Recently, a bit panicked at being behind from having houseguests, Davies settled onto her basement couch, occasionally with a cat crawling over her, and cranked out 8,000 words.

Jennifer Callow, a former Rolling Hills staffer who helped found the Writer's Bloc workshop series at the library, finds Davies' dedication admirable. The writer did what was suggested in project materials, and what was necessary, to meet the word threshold.

"The idea for the month of November is, turn off your internal editor," Callow said. "Don't be afraid. Just get those thoughts down."

Davies based the book, a work of historical fiction set during the American Revolution, on an ancestor. A member of the Daughters of the American Revolution, she has been active in genealogy and used her distant kin, with changed names, as characters.

"I had done enough research that they were already kind of alive for me," the writer said. "They were in my head already."

Getting the relationships of the characters down and developing dialogue among them occupied much of her time. Her next work will be fleshing out the details of their everyday lives -- what they ate, what they wore, the routines of 18th-century life in Massachusetts.

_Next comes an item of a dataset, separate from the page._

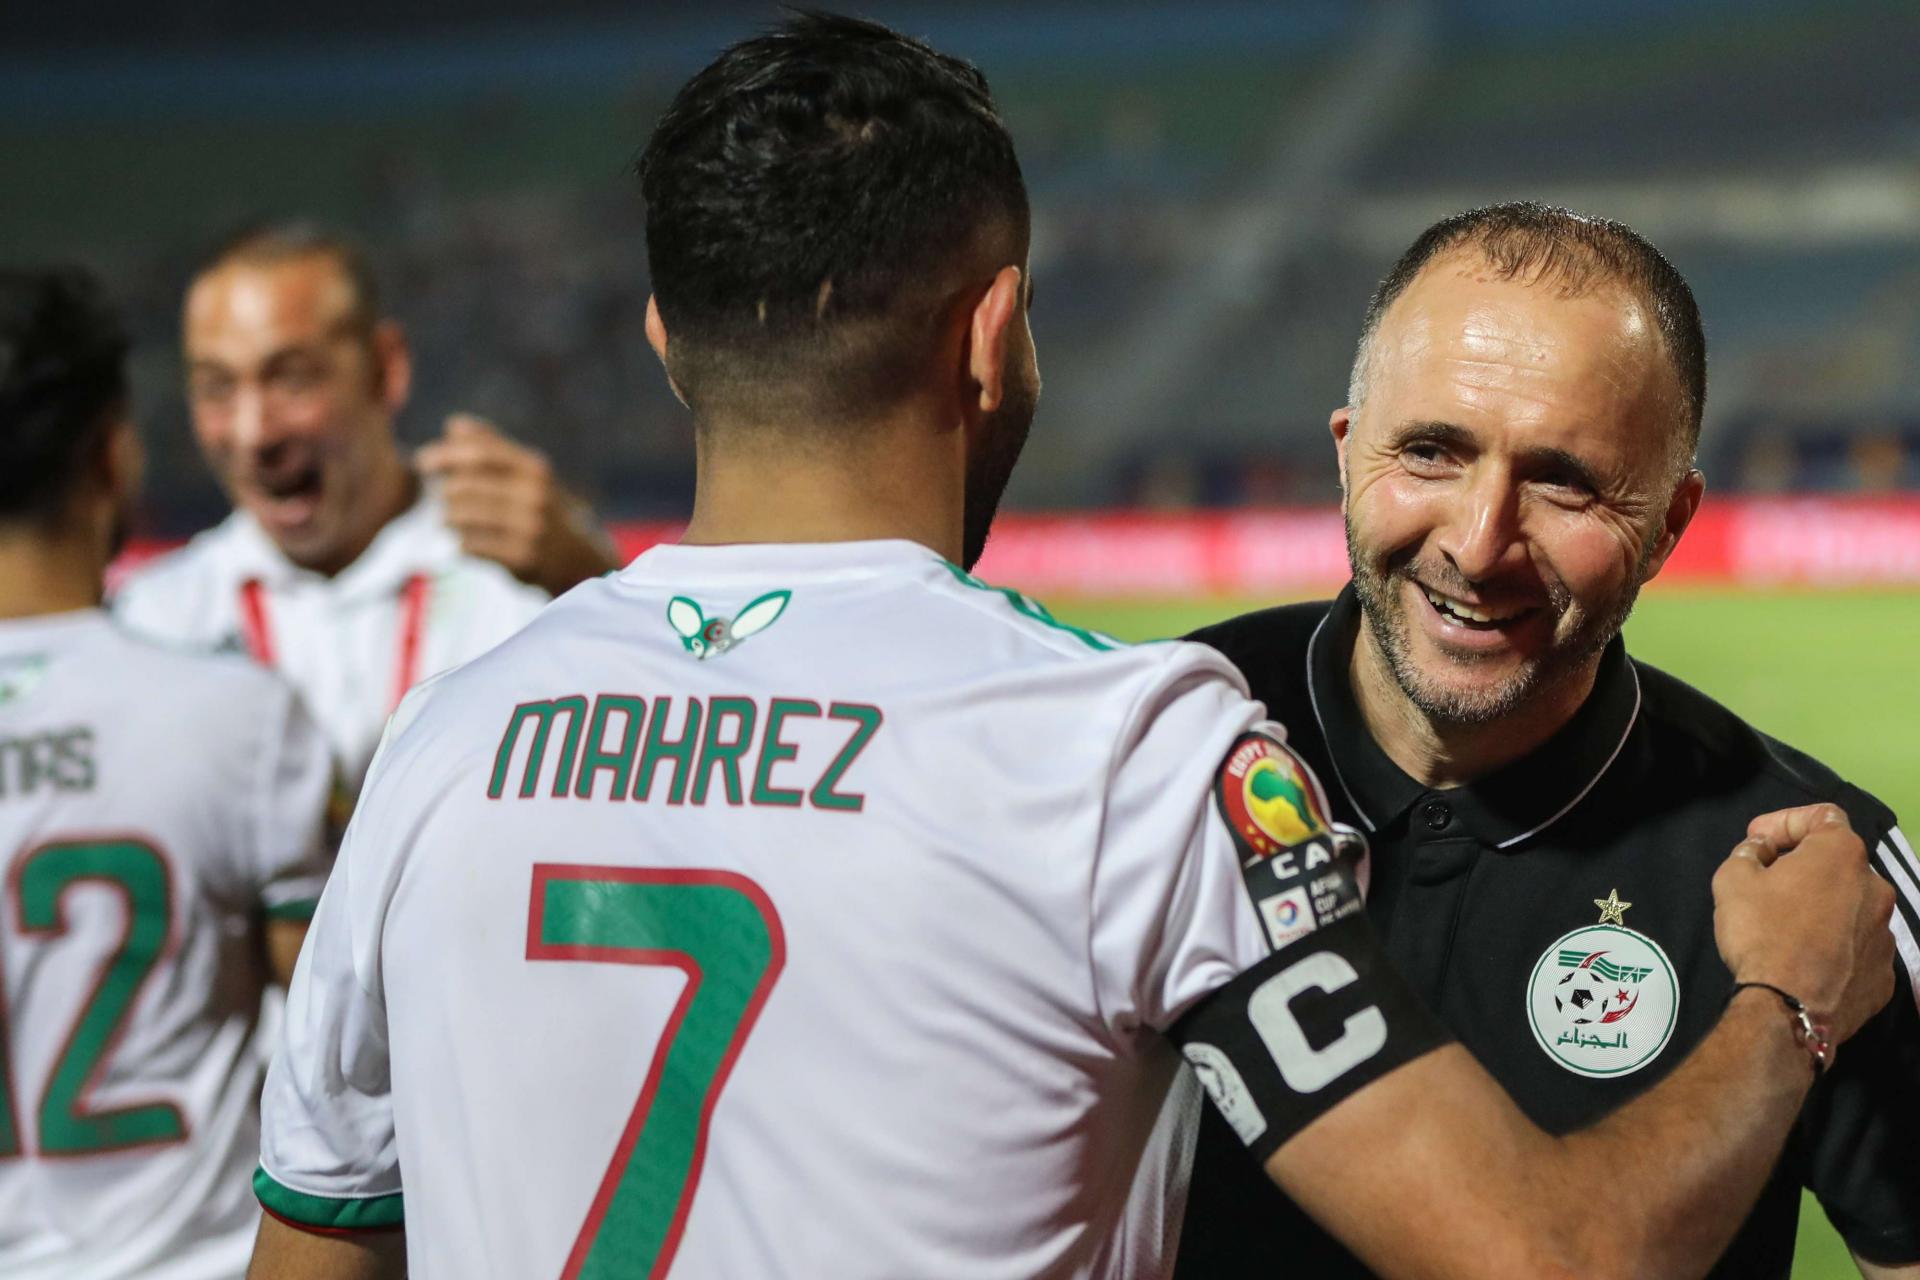 منتخب الجزائر يحطم الرقم القياسي على المستوى الإفريقي بعد فوزه على تونس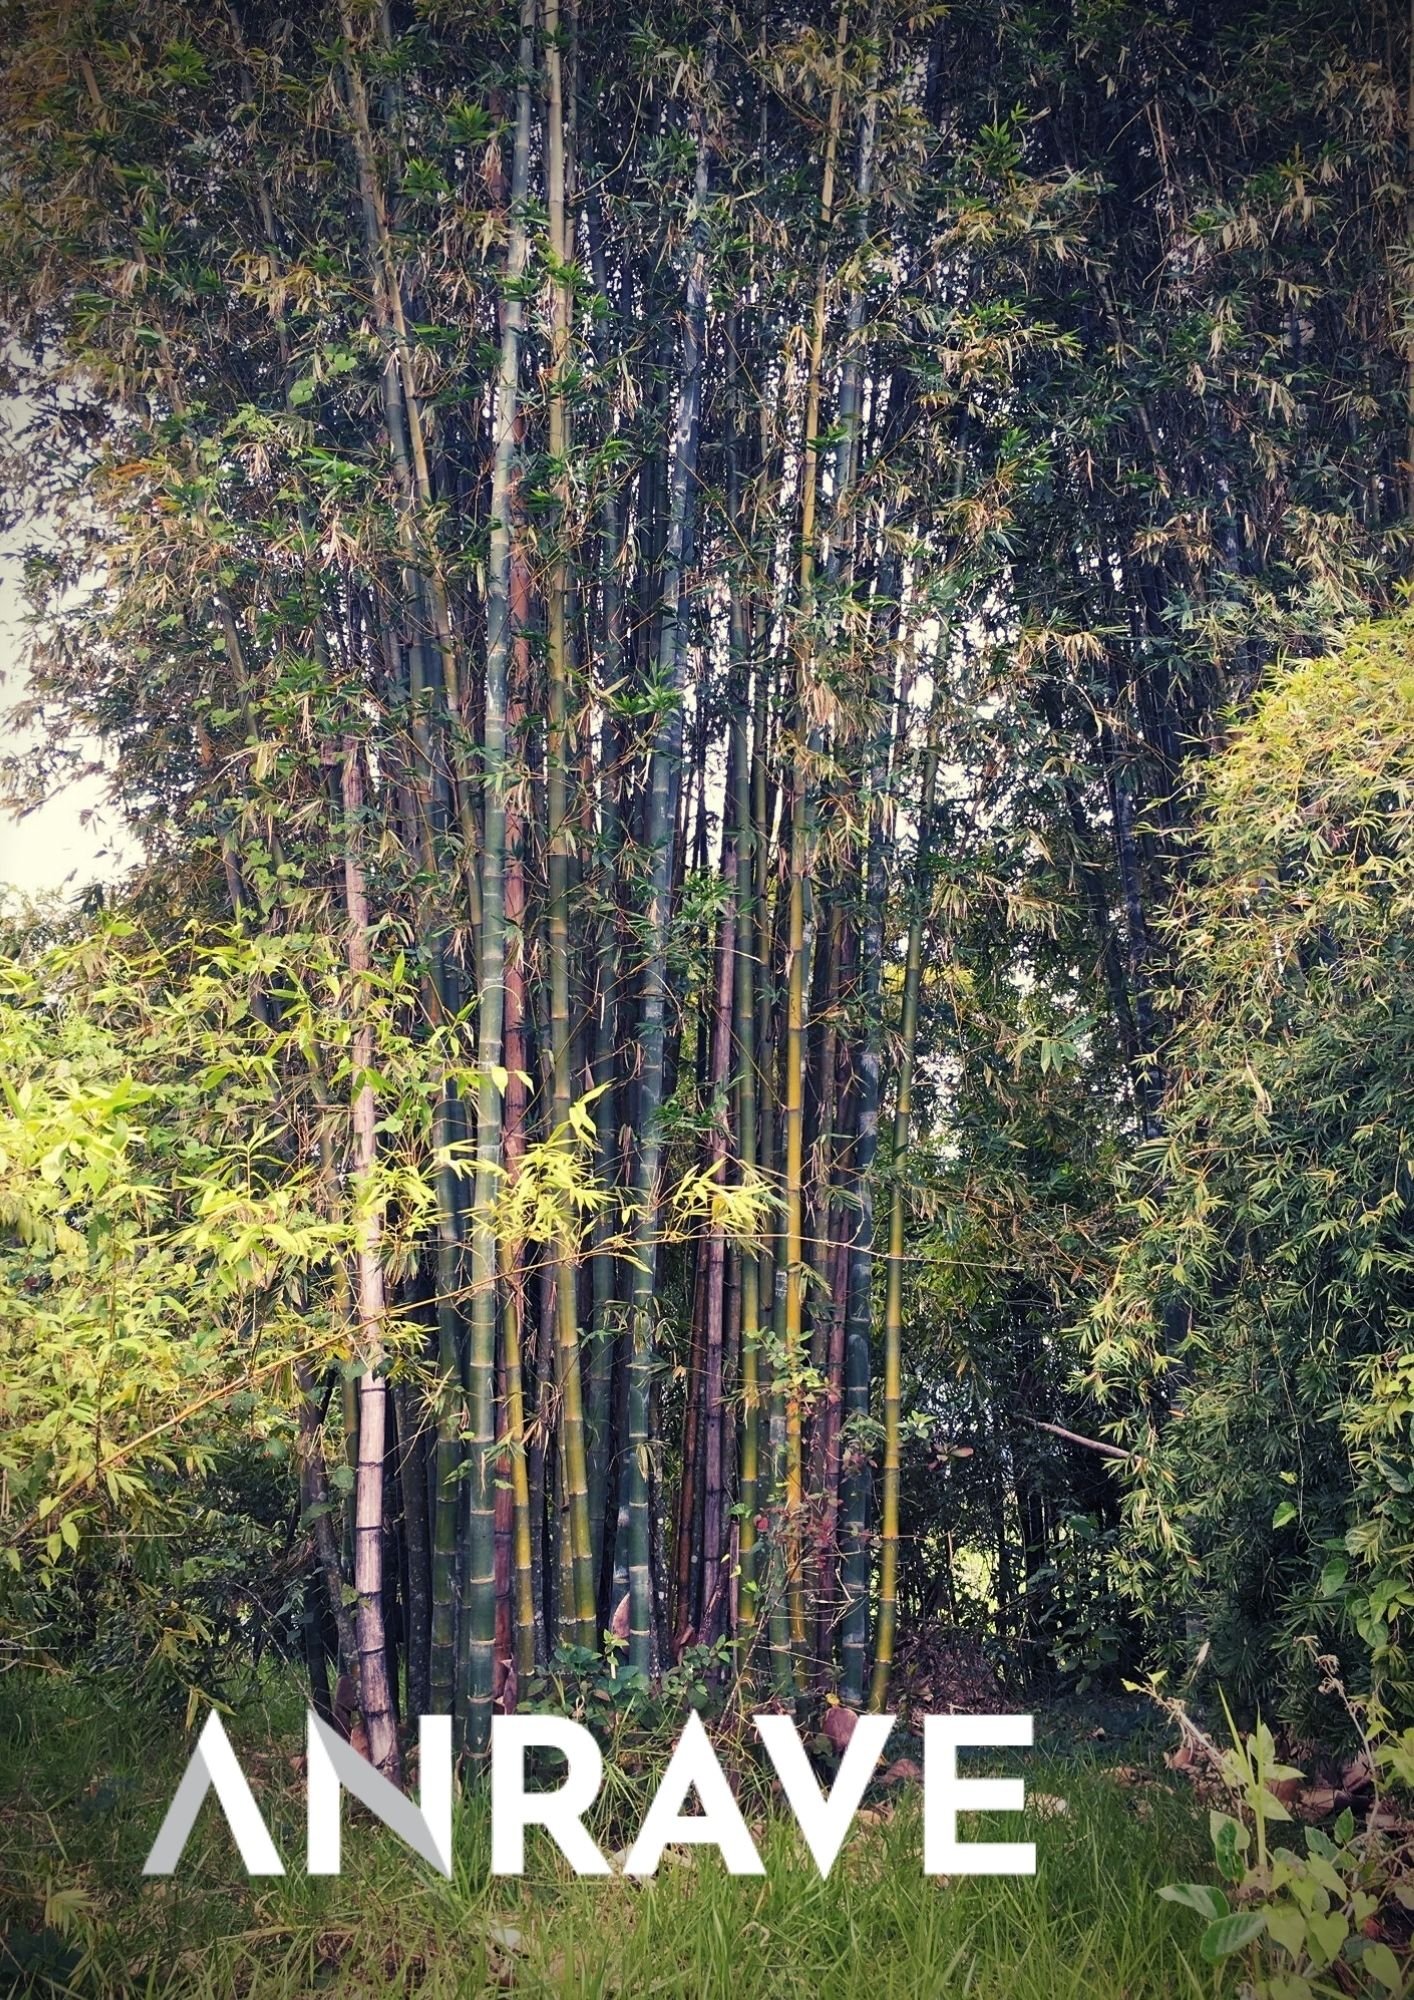 bosque bambu

During November, the Texas native denied herself any leisure reading that did not involve the period of the Revolution.

In the coming months, she will participate in the Writers Club editing circles and attend other library workshops, hoping to get feedback on the words she produced. Callow believes having peers around can hasten discipline and help refine the work.

"Holding themselves accountable to us as a group has been a big motivator," Callow said.

Amanda Davies understands that the work ahead may be less frenetic but no less painstaking. There are paragraphs to massage, dialogue to punch up and structure to recalculate. She expects to grimace at some of her sentences and perhaps marvel that she got other things just right.

What she knows for a fact, though, is that 50,000 of her words have been put into place, ready to be built upon.